Abstract
Genetically engineered chondrocytes virally transduced with a transforming growth
factor (TGF)-β1 (TG-C [TissueGene-C]) expression vector have been shown to have potential benefits
in the nonoperative management of knee osteoarthritis. Previous literature has reported
on safe dosages of TG-C. Therefore, the purpose of this study was to evaluate the
Phase II results and a 24-month efficacy of this injectable mixture compared with
placebo in patients with Kellgren–Lawrence (K–L) grade III knee osteoarthritis. Specifically,
we assessed (1) functional outcomes, (2) pain scores, (3) adverse events (AEs), and
(4) magnetic resonance imaging (MRIs) findings. We performed a multicenter, double-blinded,
placebo-controlled, and randomized study of adults who had K–L grade III knee osteoarthritis.
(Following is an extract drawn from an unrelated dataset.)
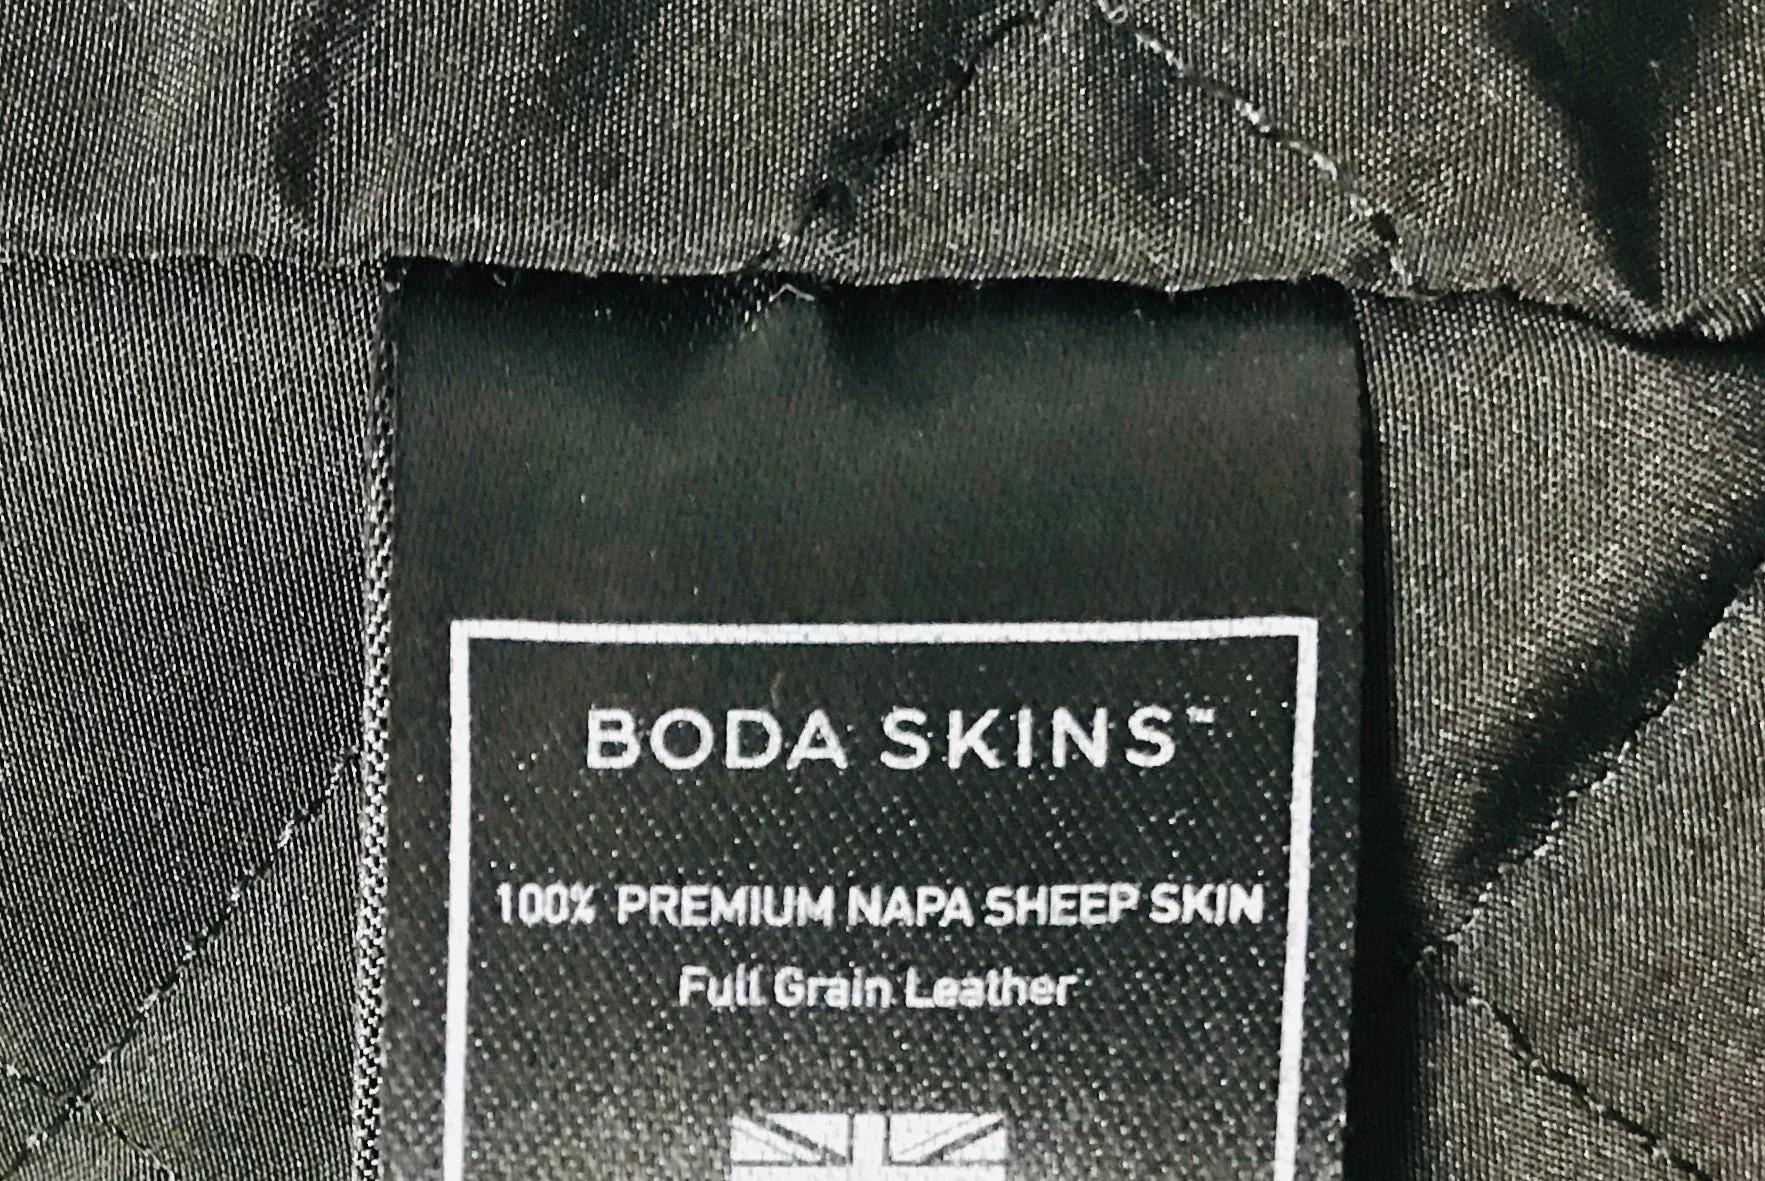 Boda Skins Leather Jacket In Excellent Condition For Sale In London, GB
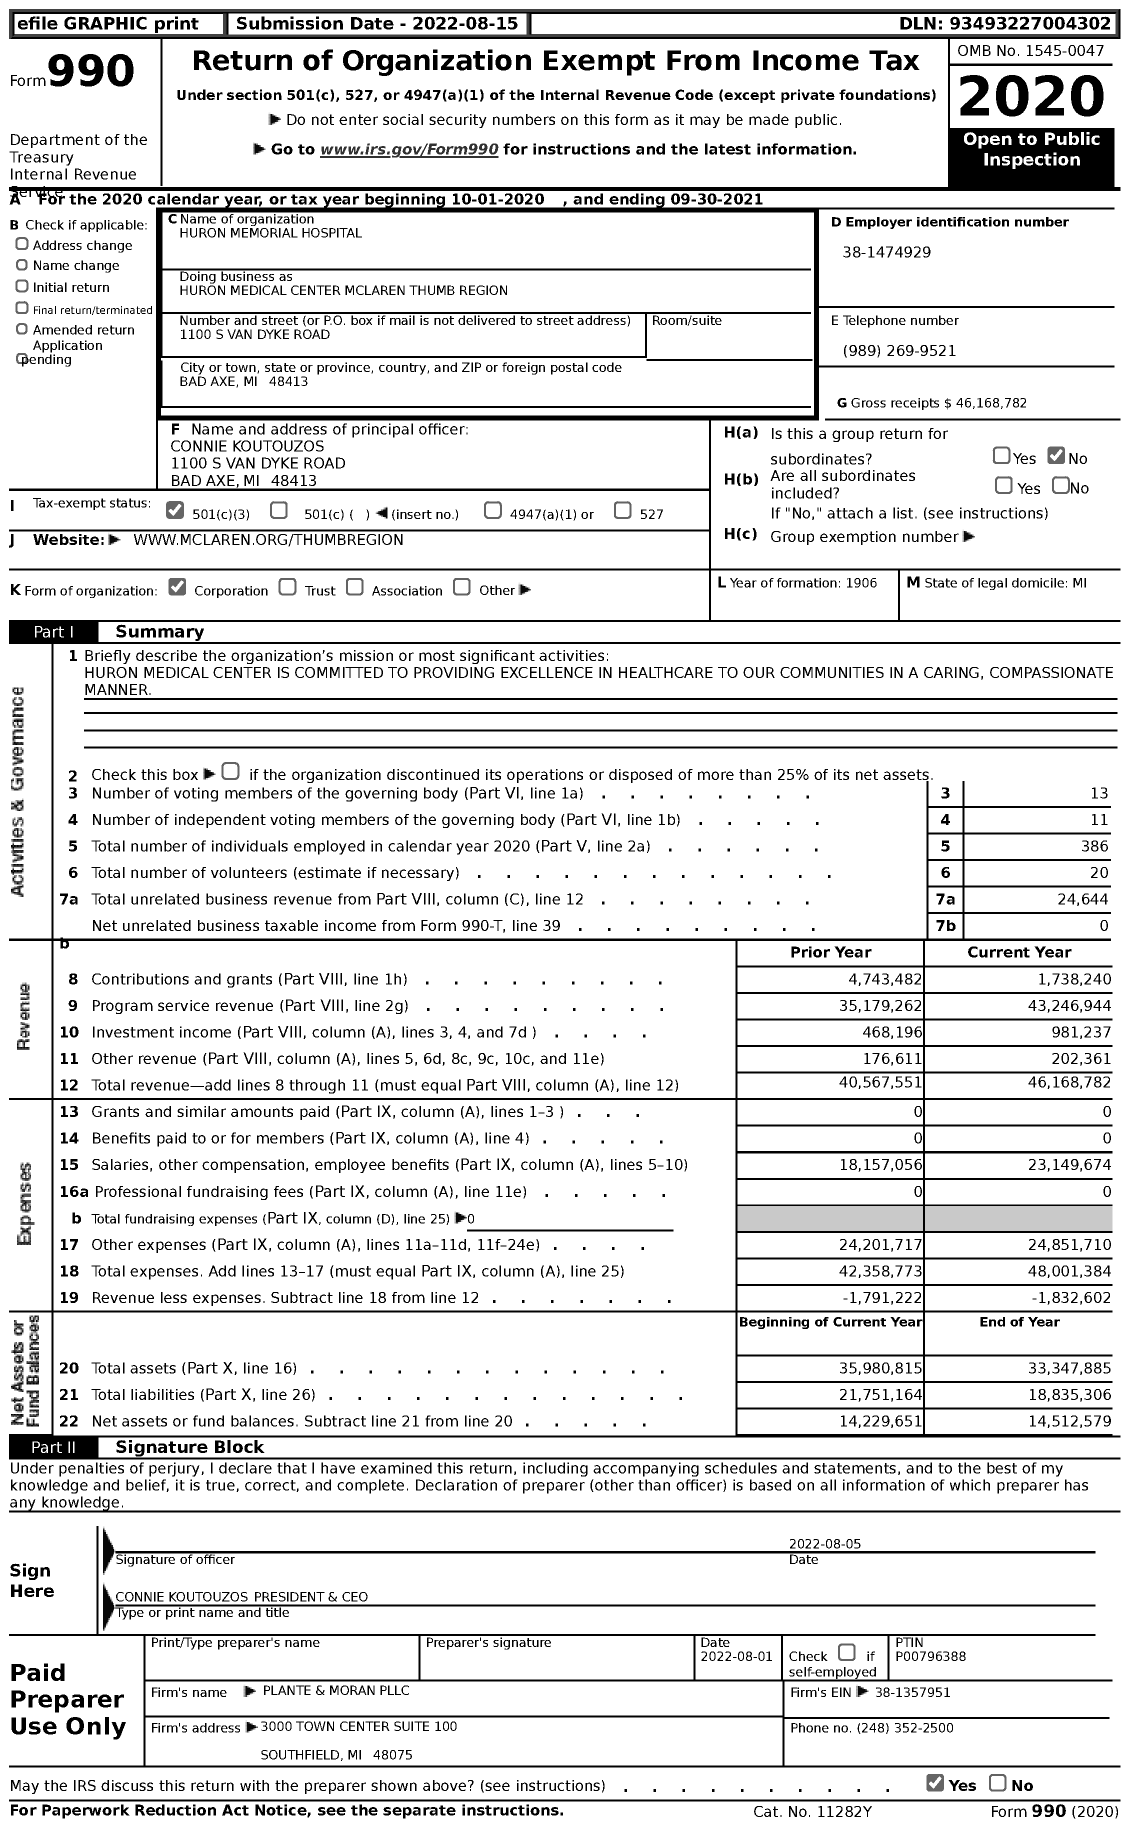 Image of first page of 2020 Form 990 for Huron Medical Center Mclaren Thumb Region

A total of 102 patients were 2:1 randomized to TG-C at a dose of 3.0 × 107 cells, or placebo injections between May 1, 2011 and October 31, 2012. Outcomes analyzed
were knee joint function, pain, quality of life, adverse events, and MRI findings
using the whole-organ magnetic resonance imaging score (WORMS) system. There were
significant improvements in the International Knee Documentation Committee (IKDC)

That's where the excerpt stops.